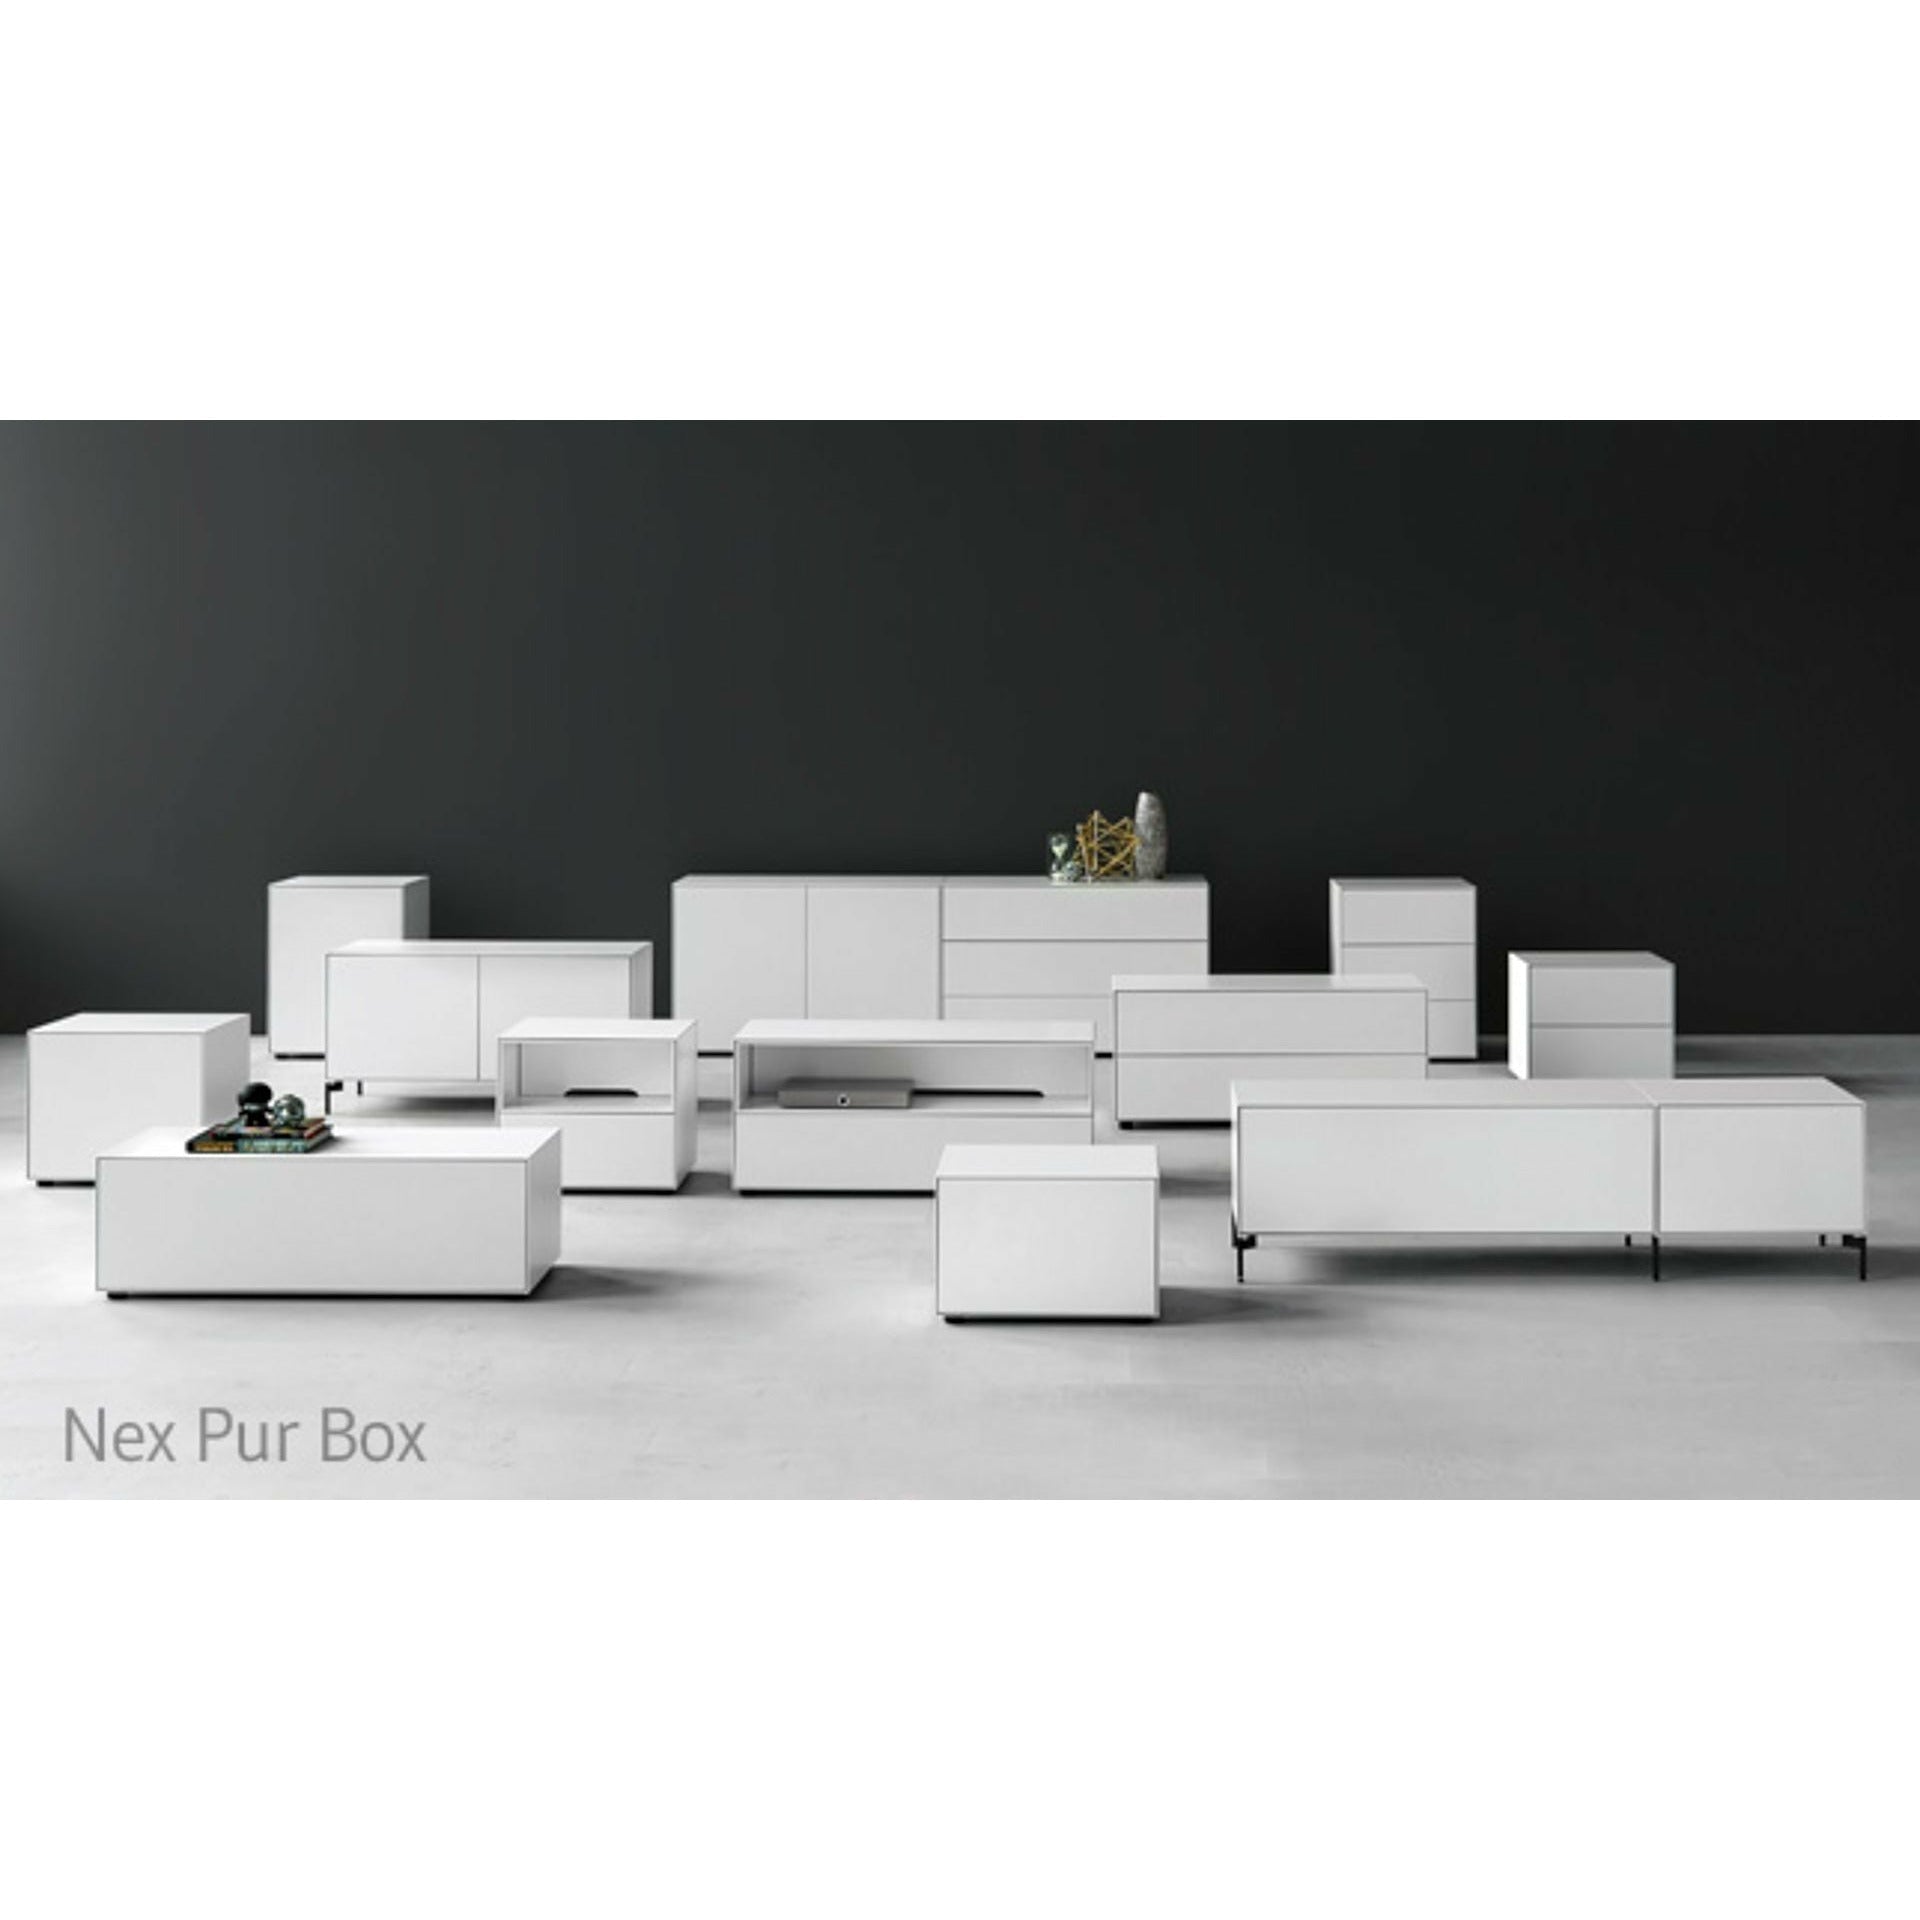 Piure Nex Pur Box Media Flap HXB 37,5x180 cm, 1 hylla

* * *

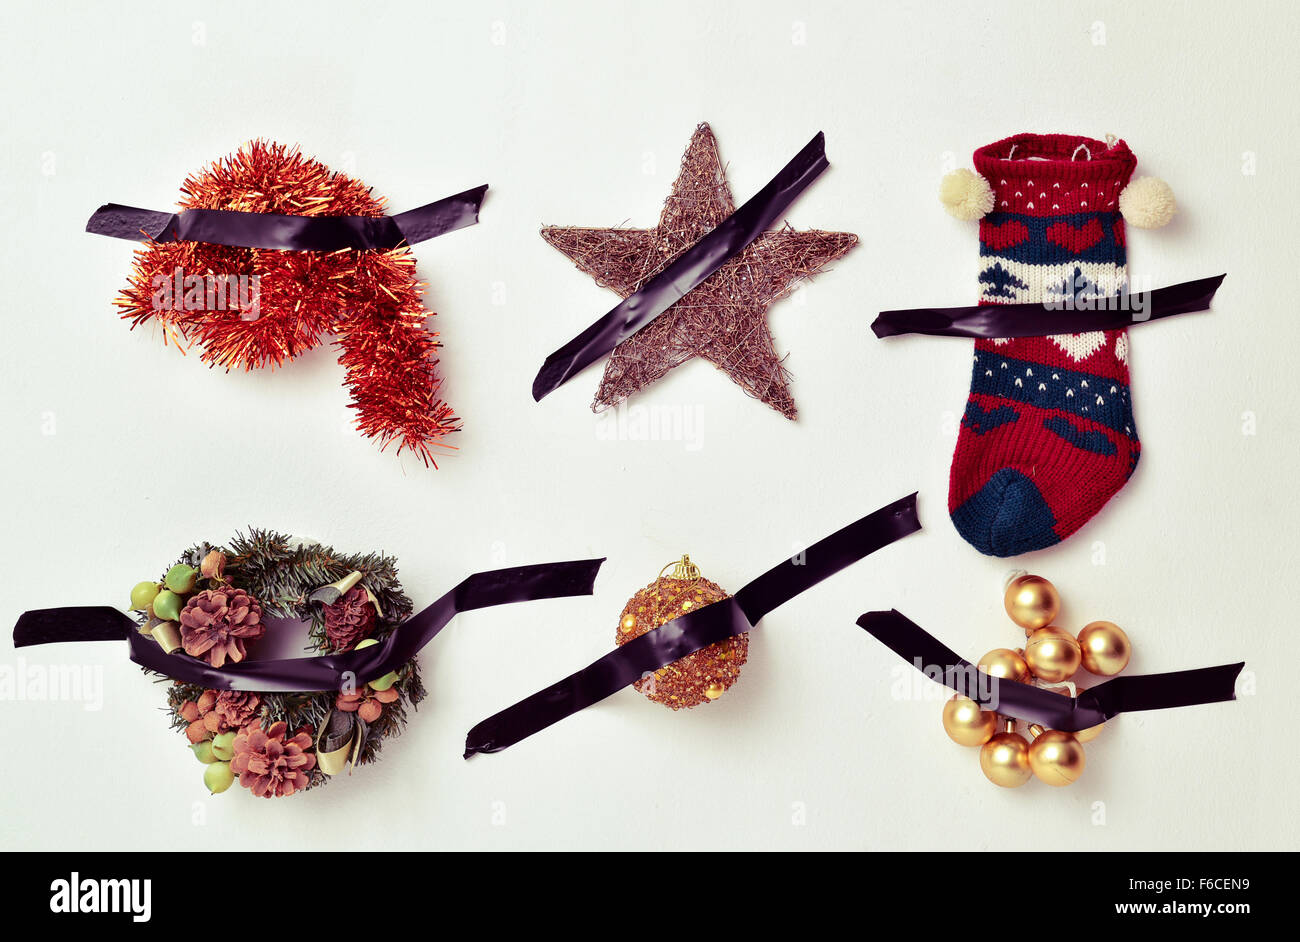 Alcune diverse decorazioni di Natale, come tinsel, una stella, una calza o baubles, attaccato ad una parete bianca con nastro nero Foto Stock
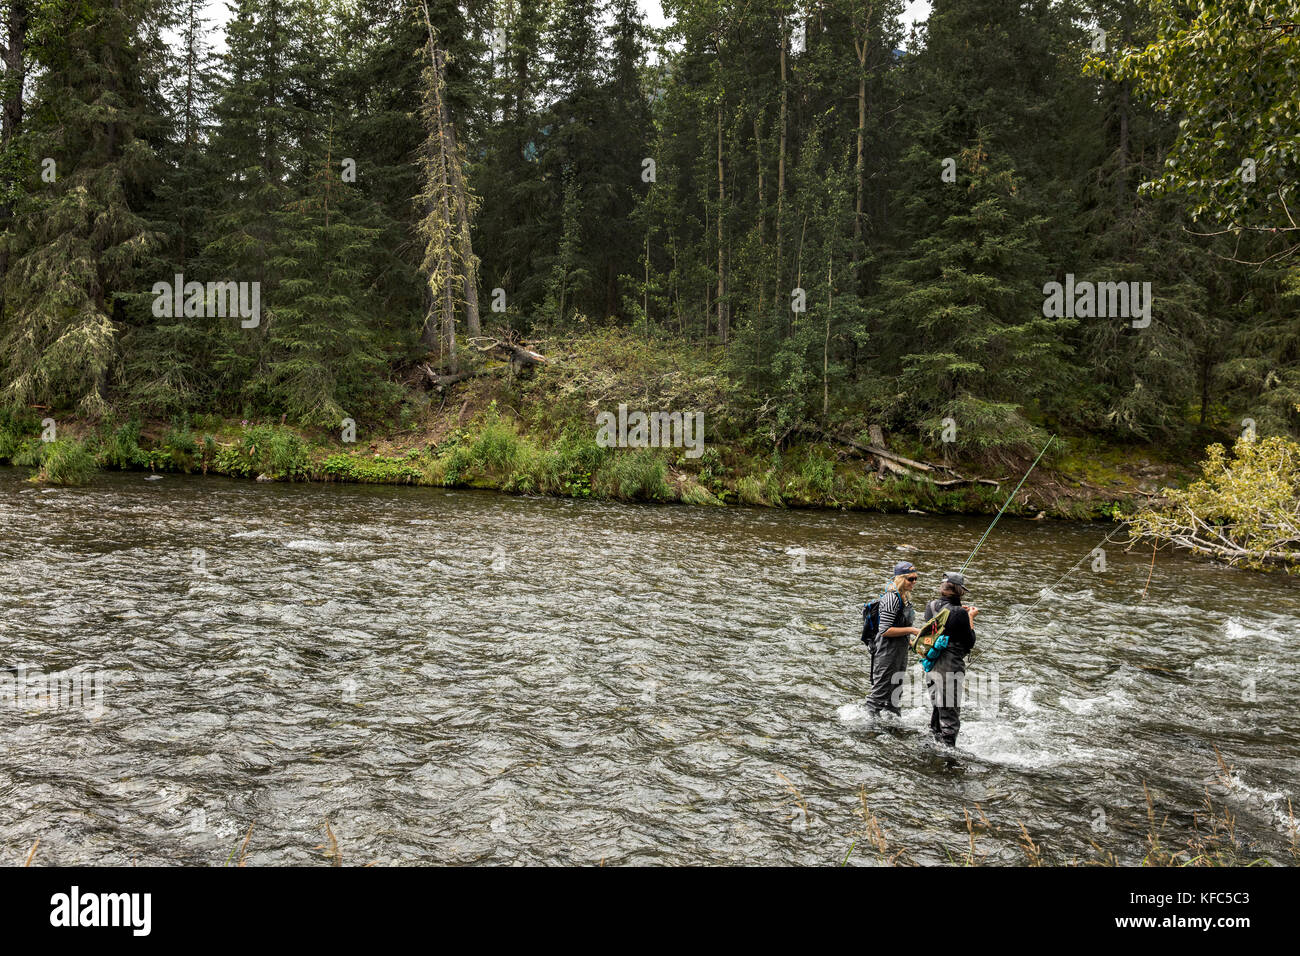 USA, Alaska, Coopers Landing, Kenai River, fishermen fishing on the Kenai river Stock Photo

What this task involves ▸
Go back to the lines above and output, exactly as they stand, the ones from the line containing "Alcune diverse decorazioni" to the line containing "USA, Alaska, Coopers". Leave all pictures behind.

Exercise solution ▸
 Alcune diverse decorazioni di Natale, come tinsel, una stella, una calza o baubles, attaccato ad una parete bianca con nastro nero Foto Stock
 USA, Alaska, Coopers Landing, Kenai River, fishermen fishing on the Kenai river Stock Photo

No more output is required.